I had thought about and even talked with my husband about the same point, who is to say this would not or could not happen in a "real" zoo or a circus even for that matter.

I could see him committing the suicide now if you think about it. He's been gone for a year, so would have gotten a fresh look at his place when he came back. Maybe he realized just how bad things were. He may have had enough money in animals to sell to cover his debt, but would he have wanted to sell them? Think about the fact some of those he had hand raised. Would he want to sold to an unknown future? Possibly even a worse life then they already had. 

When the law enforcement people are involved, they can get court orders to allow them to by pass laws, such as burying the animals. Doing that saved the hassle of getting the trucks to haul the bodies, the manpower to guard the bodies until they were ashes, and all that would have added up to even bigger costs. Burying was the cheapest, easiest, safest, and quickest way to deal with it. The state and country want this all behind them as soon as possible, so all the bad publicity will die down and move on to the next horror news event.


----------



## Neal (Oct 22, 2011)

stephiiberrybean said:


> They shot 18 rare tigers. They could have at least tranquilizers for a few of them.

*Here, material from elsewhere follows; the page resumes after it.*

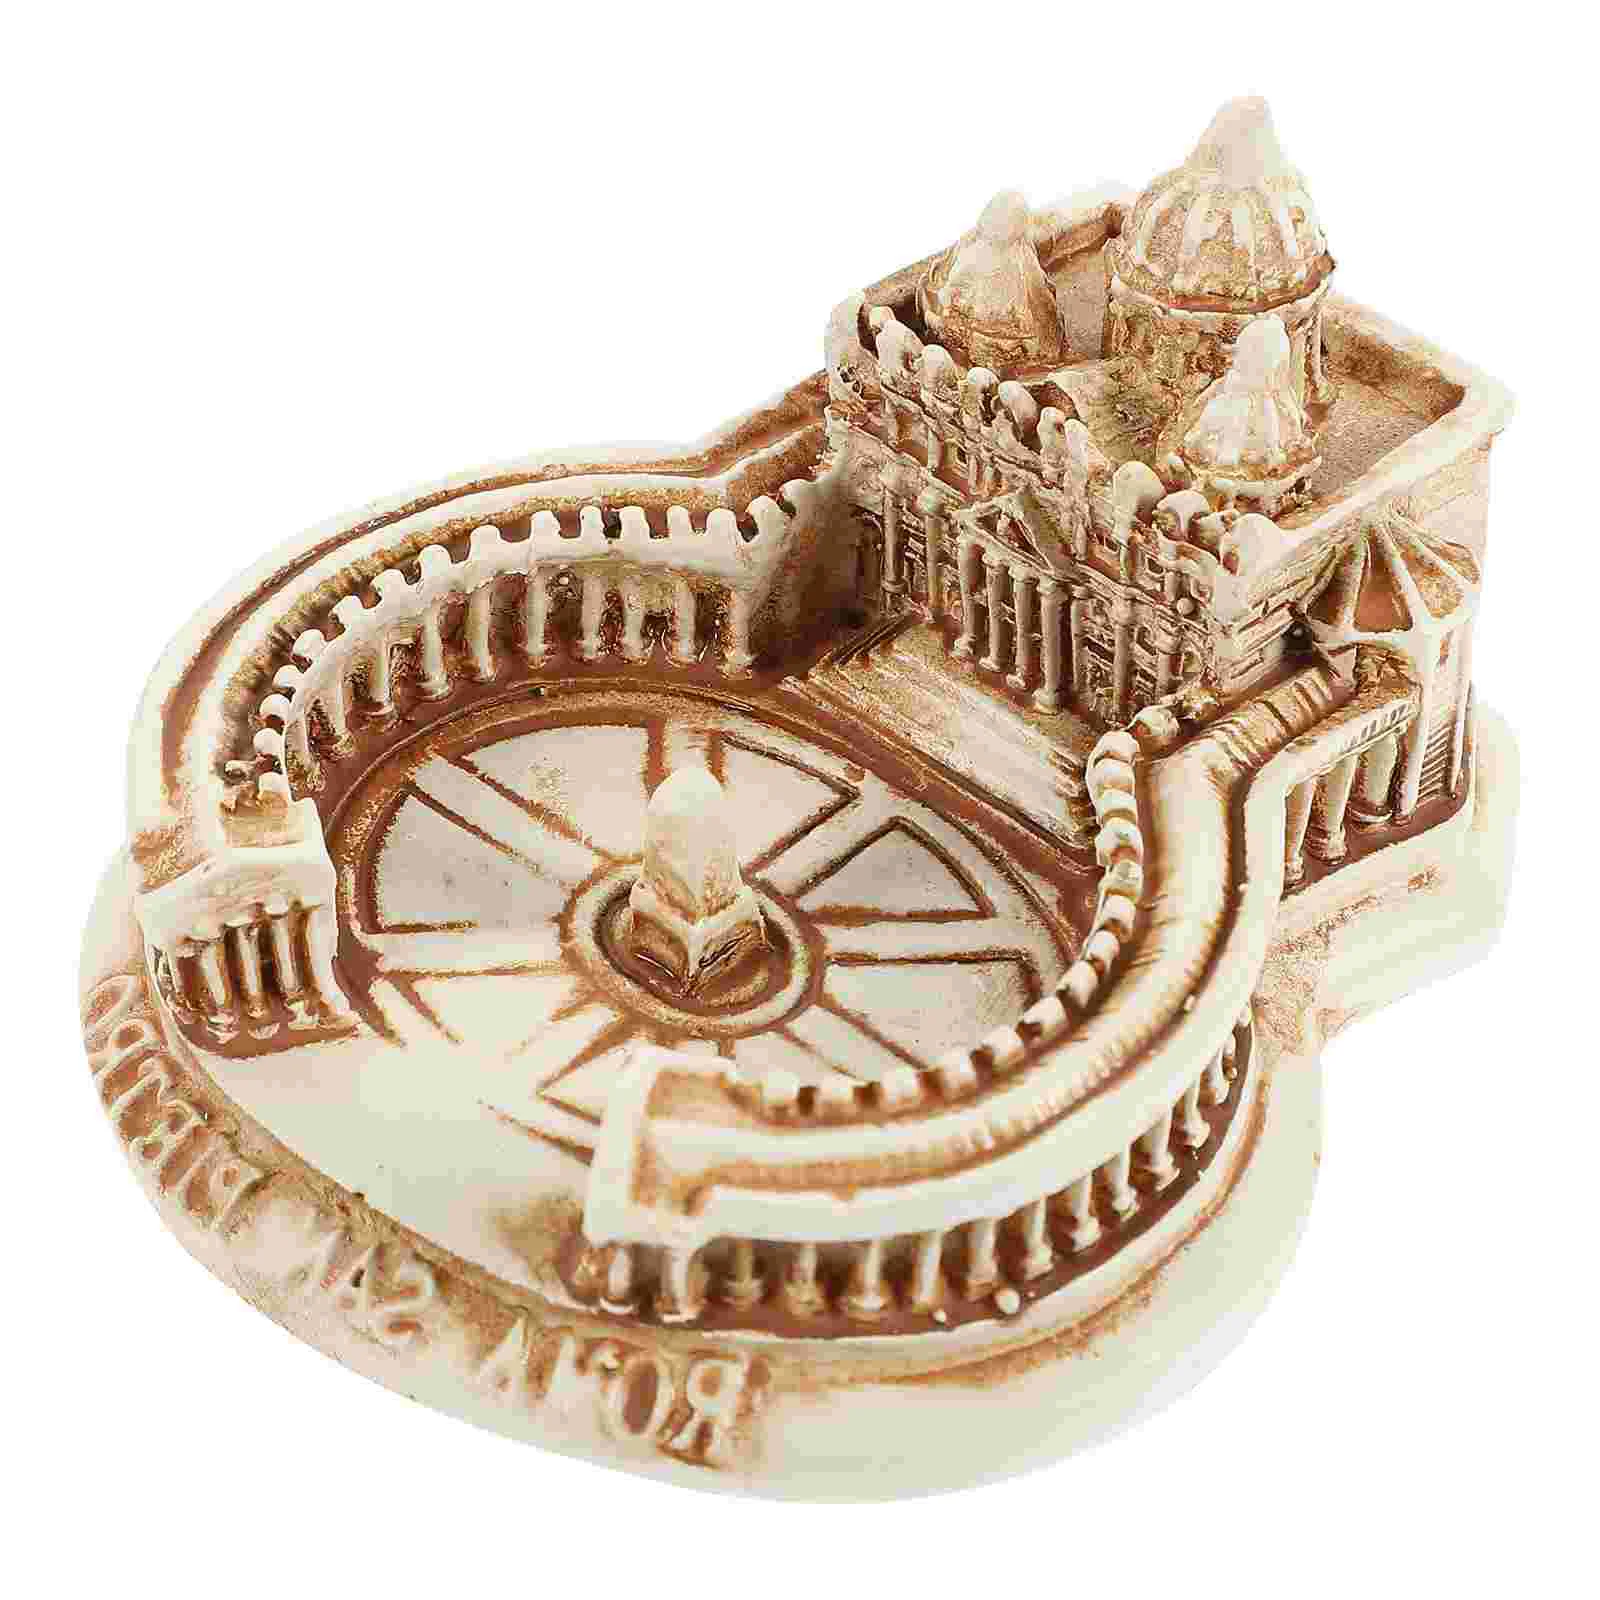 

Simulation Building Model Architectural Prop Desktop Saint Peter's Basilica Mini Gifts Resin Crafts House Models

They did attempt to tranq. at least one of the tigers, it then ended up charging at the shooter I believe. It just wasn't a realistic solution to even do this for a few of them.


----------



## Tom (Oct 22, 2011)

Laura said:


> i wasnt joking.. there are people out there who will try to dig them up... Skulls and teeth and claws sell too... :-(
> 
> as for the tranq... sounds like a great easy solution... BUT besides what was already mentioned.. ; how long it takes for an animal to go down once sedated, and how much more dangerous they become.... FIRST you HAVE TO HAVE the drug,, you Must have the proper Gun and syringes to use, and most places dont have access to that, and if they did, it wouldnt be near enough for the size and amount of animals involved. I bet even the Zoo would have been able to do it all. And IF they could have.. rounding it all up and getting the staff together and out there, would have taken precious time. WHen you dart an animal, ( sometimes it misses or does not work) they become excited, scared and aggitataed, sometimes run off or come at the person who is closest. Get the dose wrong and you have a sedated animal still able to fight, or the wrong drug will kill some types.. It is not fun.. then you have to have 1-2 people keep an eye on that animal so they know when it goes down. With all the others running loose, the likely hood of getting attacked while assisting its 'friend' or them attacking the animal cuz its acting strange,, is HIGH! I hate what happened.. but in reality... its the only thing they could have done... only one to blame is the owner.
> 
> Unless they find out someone else is involved, and it was murder and not suicide... and blame Ohio for having no laws.. do they want to become Calif? where you cant even own a Ferret as a pet? Im on the fence with that.. we have our animal problems too...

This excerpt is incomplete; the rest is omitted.